── Data
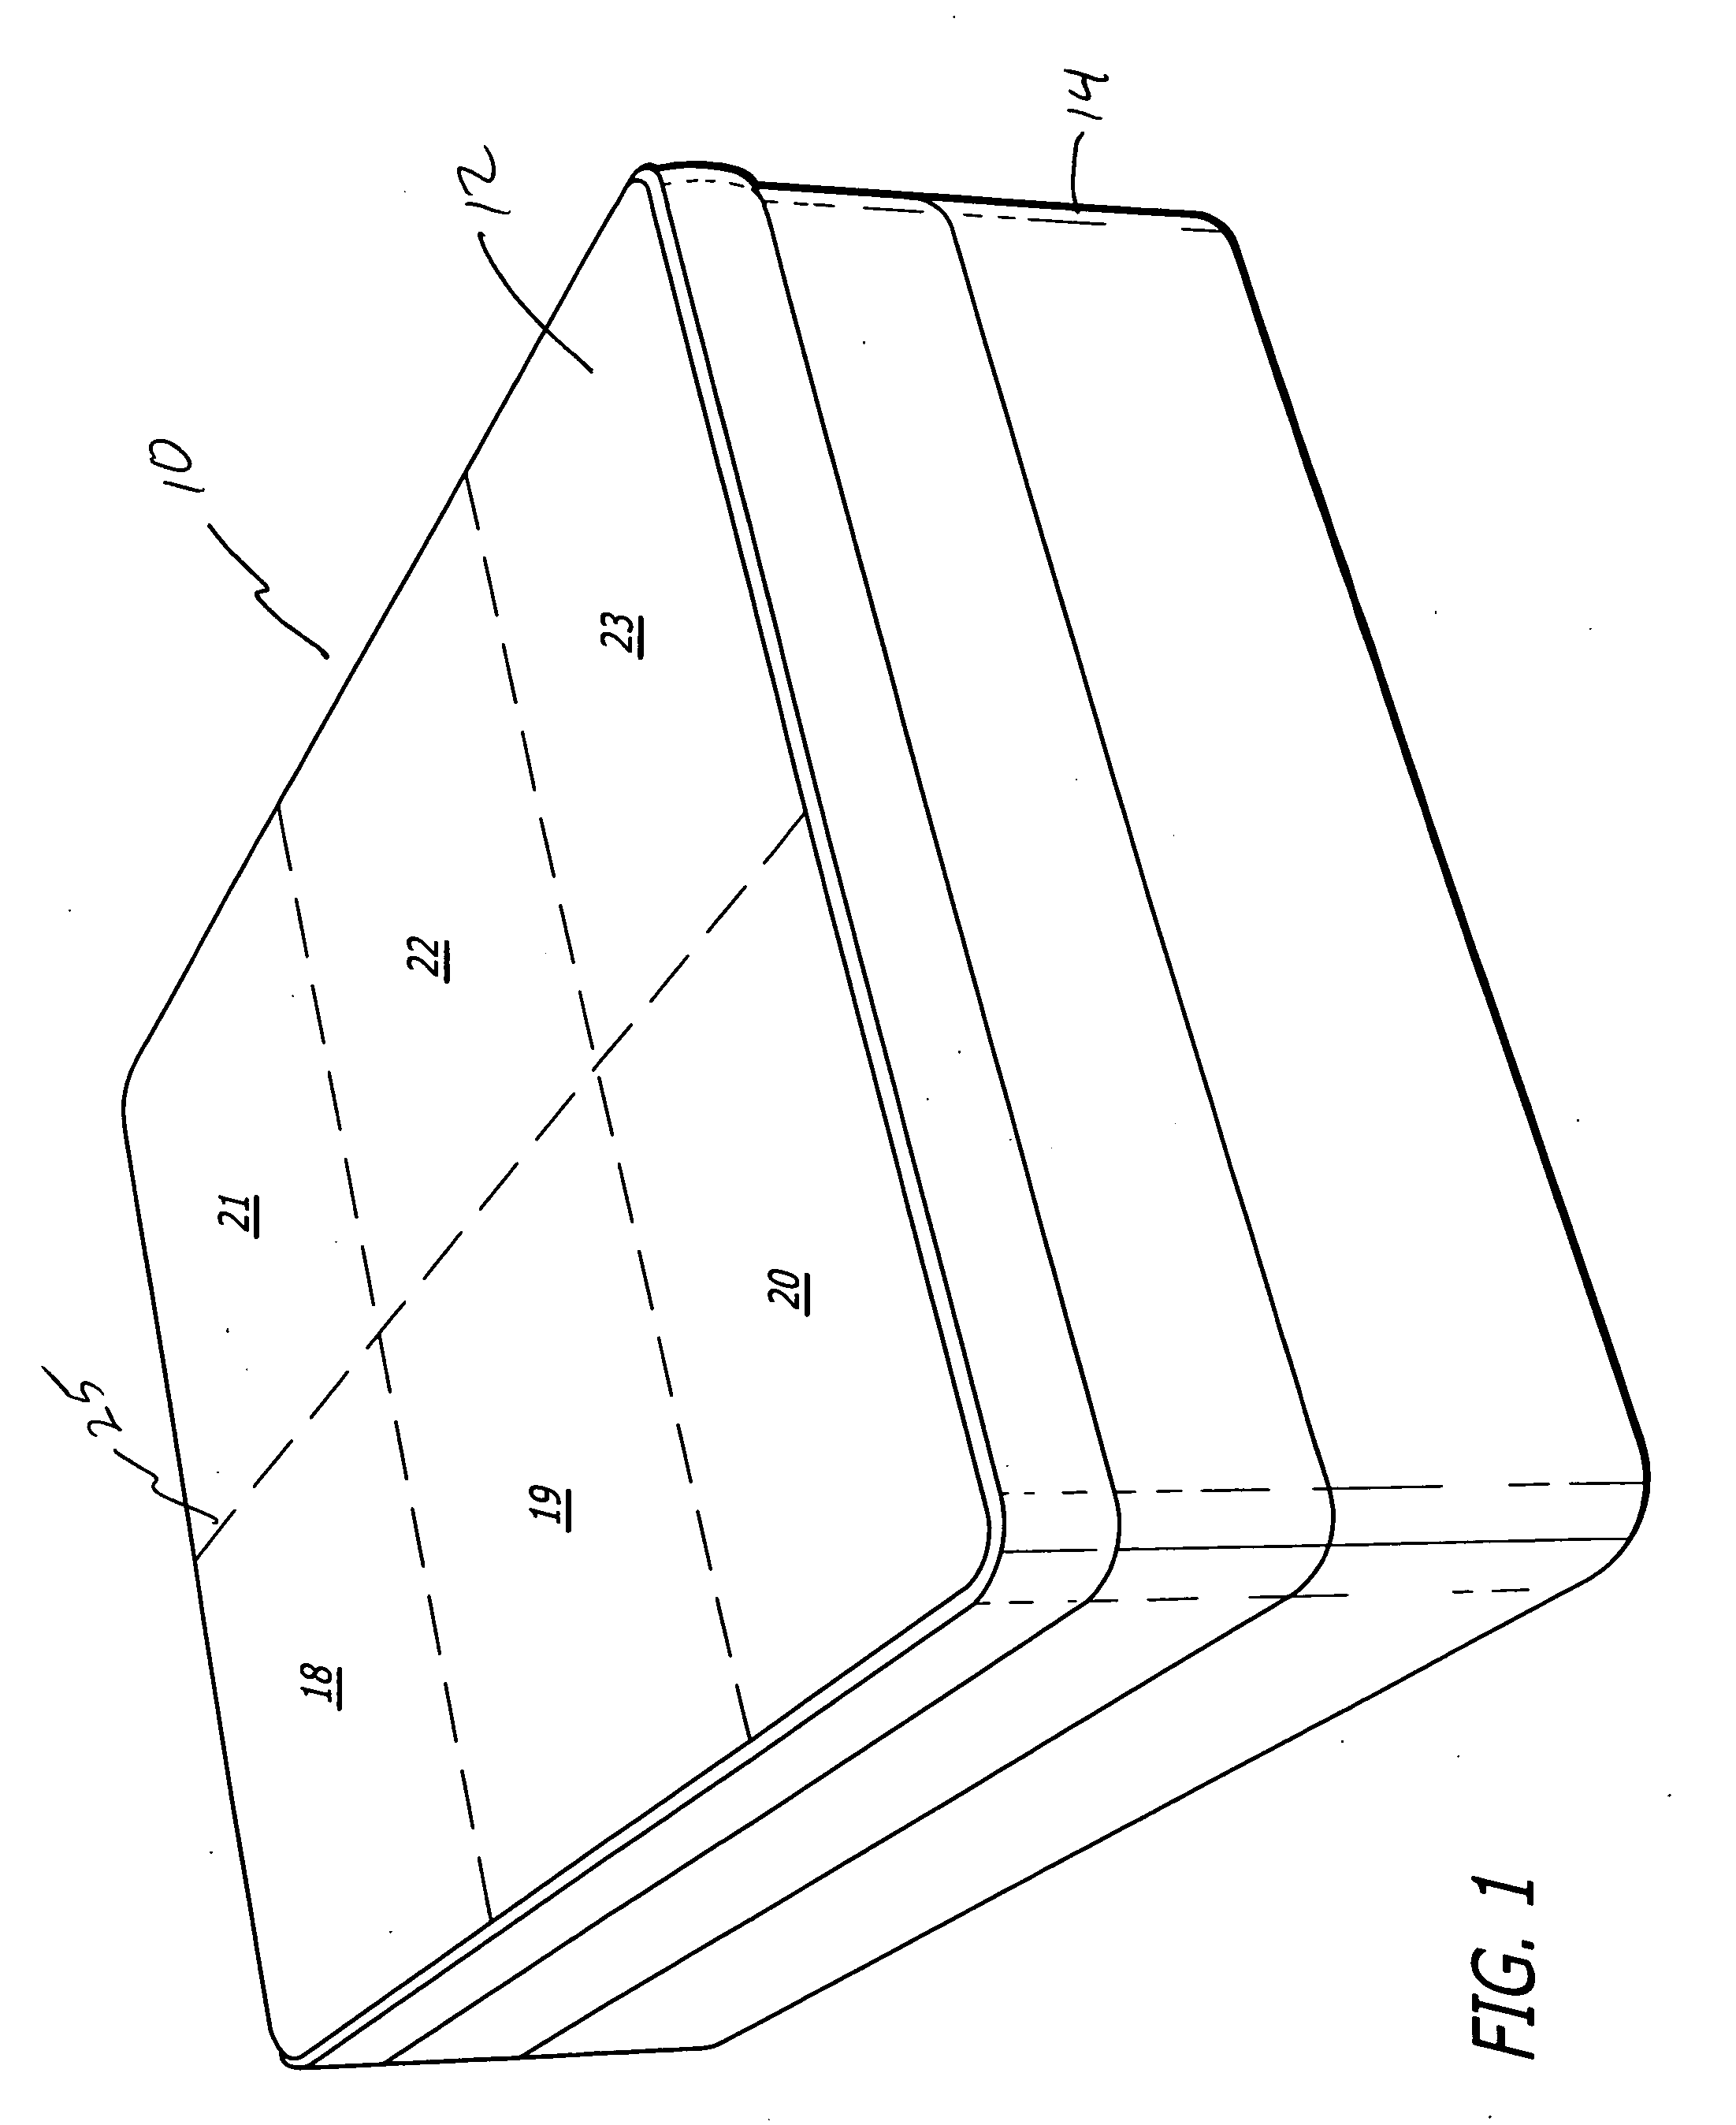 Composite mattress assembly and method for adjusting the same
────
── Data
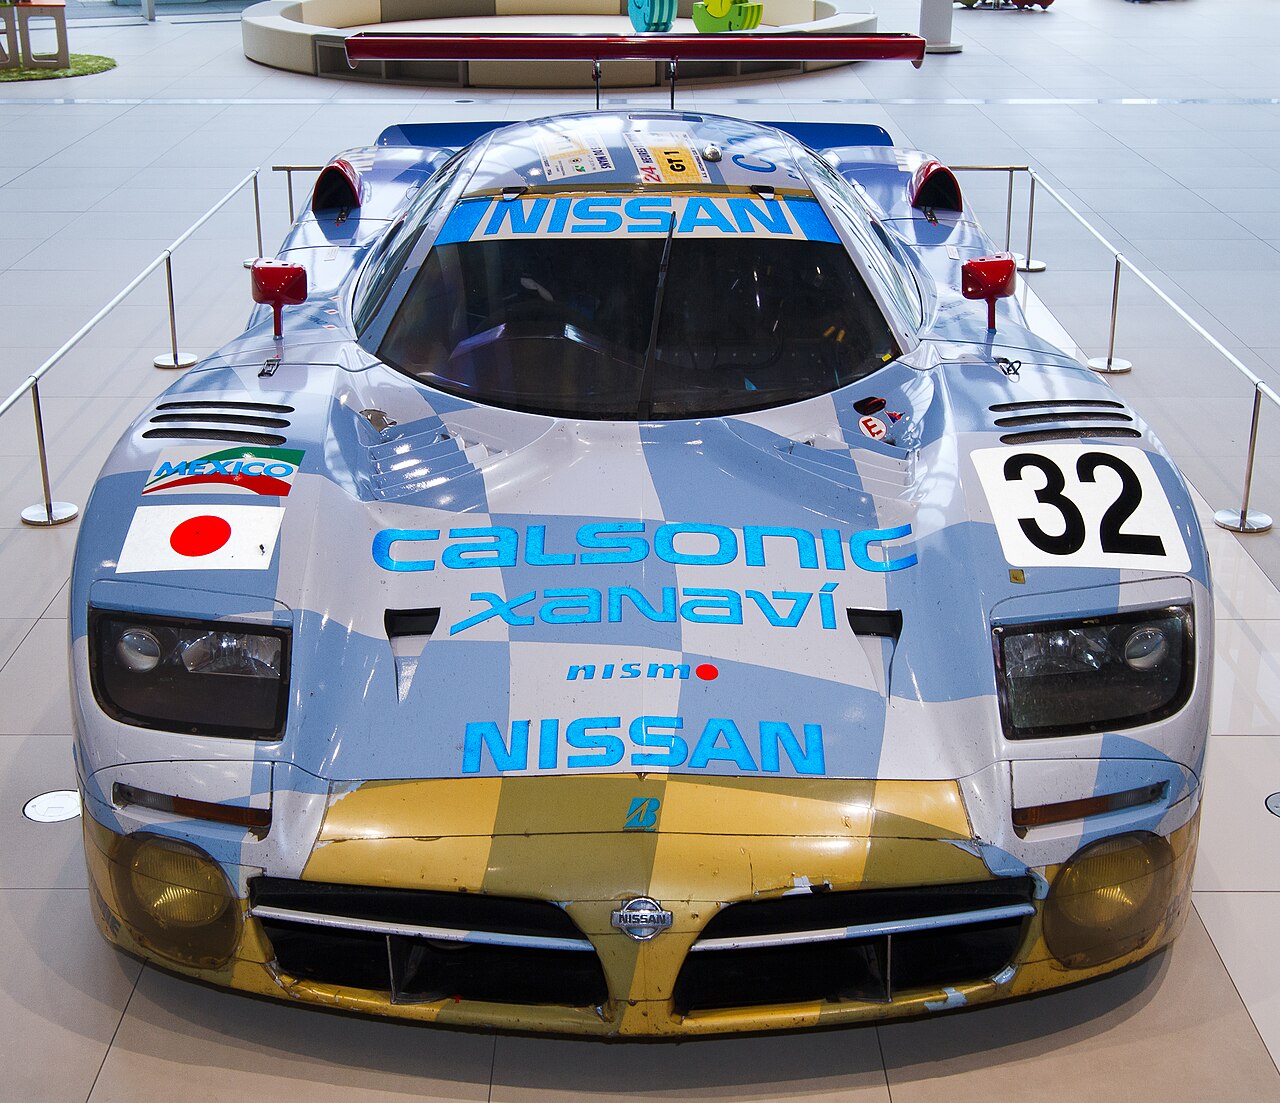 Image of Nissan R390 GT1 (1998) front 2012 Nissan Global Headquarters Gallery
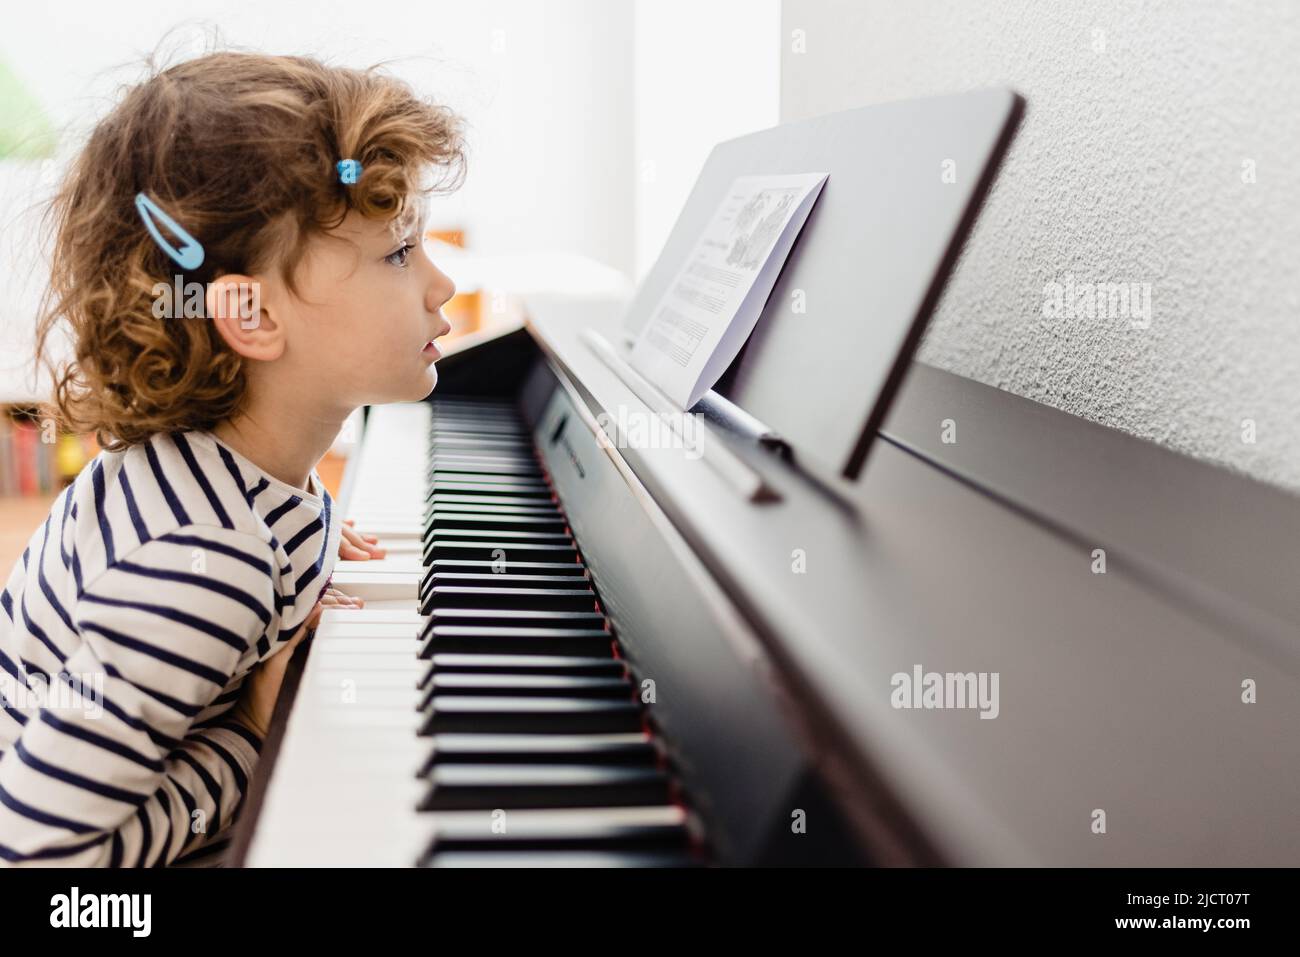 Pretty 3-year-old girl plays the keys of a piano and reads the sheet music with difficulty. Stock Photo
────
Return only the part above that opens with the line containing "Image of Nissan" and closes with the line containing "Pretty 3-year-old girl", exactly and with both ends, skipping the pictures.

 Image of Nissan R390 GT1 (1998) front 2012 Nissan Global Headquarters Gallery
 Pretty 3-year-old girl plays the keys of a piano and reads the sheet music with difficulty. Stock Photo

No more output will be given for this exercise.